Why we love Dems (cont.)

Because they try so hard to “keep the stakeholders in the room”—even when they deserve a stake in the heart!

Tom Daschle tells Wonk Room about how the public option—weak tea in the first place—was too much for the industry, so they snuffed it:

I don’t think it was taken off the table completely. It was taken off the table as a result of the understanding that people had with the hospital association, with the insurance (AHIP), and others. I mean I think that part of the whole effort was based on a premise. That premise was, you had to have the stakeholders in the room and at the table. Lessons learned in past efforts is that without the stakeholders’ active support rather than active opposition, it’s almost impossible to get this job done. They wanted to keep those stakeholders in the room and this was the price some thought they had to pay. Now, it’s debatable about whether all of these assertions and promises are accurate, but that was the calculation. I think there is probably a good deal of truth to it. You look at past efforts and the doctors and the hospitals, and the insurance companies all opposed health care reform. This time, in various degrees of enthusiasm, they supported it. And if I had to point out some of the key differences between then and now, it would be the most important examples of the difference.

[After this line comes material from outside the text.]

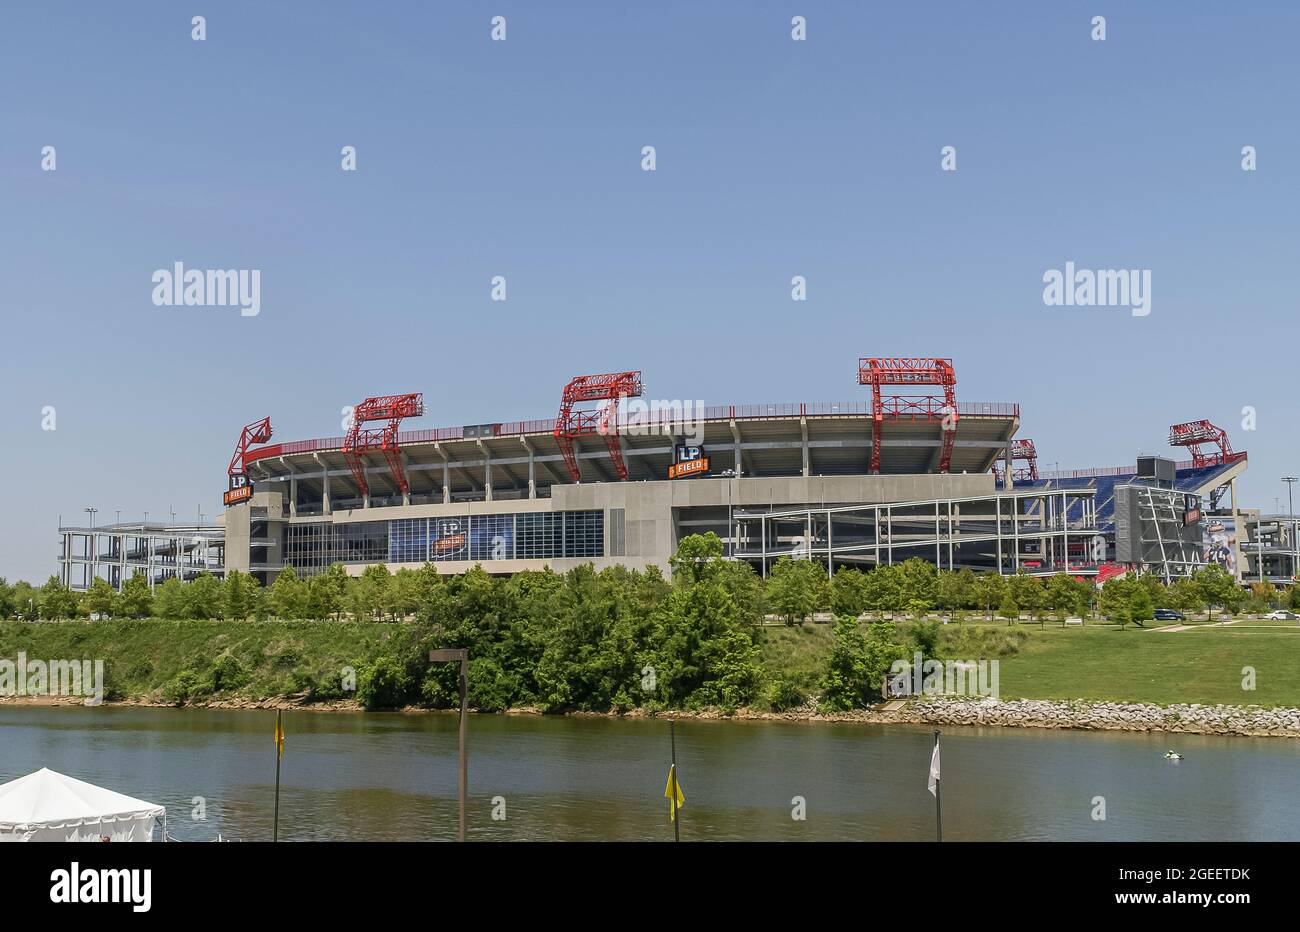 Nashville, TN, USA - May 19, 2007: Downtown. Giant LP Field Stadium, Nissan since 2015, where NFL Titans play under blue sky with green foliage and Cu Stock Photo

If the “stakeholders” supported it, that’s all the proof you need that it sucked. But this is the essence of the Democrats: pretend to be “progressive” while serving as stooges for capital. To outside observers, this sometimes seems weak and indecisive, but in fact this is what they’re all about.

6 Comments on “Why we love Dems (cont.)

  1. Maybe I’m not cynical enough, but one thing stands out as surprising to me from the insider accounts of the health insurance bailout and the aborted “Cap’n Trade” bill…

    I’m used to the scenario where a lobbyist comes in and sells a congresscritter on a bill. “Senator Leghorn, we’ll do X for you if you agree to support this bill.” Sure, fine. Happens every day. Wouldn’t expect anything different.

    It doesn’t even phase me that lobbyists write the bills.

    But…

    “Lobbyist Sanders, we’ll do Y for you if you agree to support this bill.” Seriously? No, seriously. This is how healthcare reform got passed. Rahm & Daschle and whoever worked out a deal with Pharma and AHIP and the AMA, then they counted the votes and everything.

    If you’ve had a chance to look over the New Yorker pice on Cap’n Trade, it says that while the bill was being drafted by Kerry, Graham and Lieberman, the senators and their staff aggressively courted lobbyists to get the thing passed.

    The senators. Were courting. The lobbyists. Huh?

    I mean I KNOW Marxistically that’s how it happens on a deep-structure level anyways, but for real? And they say it openly to reporters?

  2. That’s the beauty of American life – it all happens pretty much in the open. Which is another reason that conspiracy thinking is such a waste of time.

  3. Pingback: Why we love Dems (cont.) (via LBO News from Doug Henwood) « OntheWilderSide

  4. sadly the stakeholders missing from many government meetings is the public.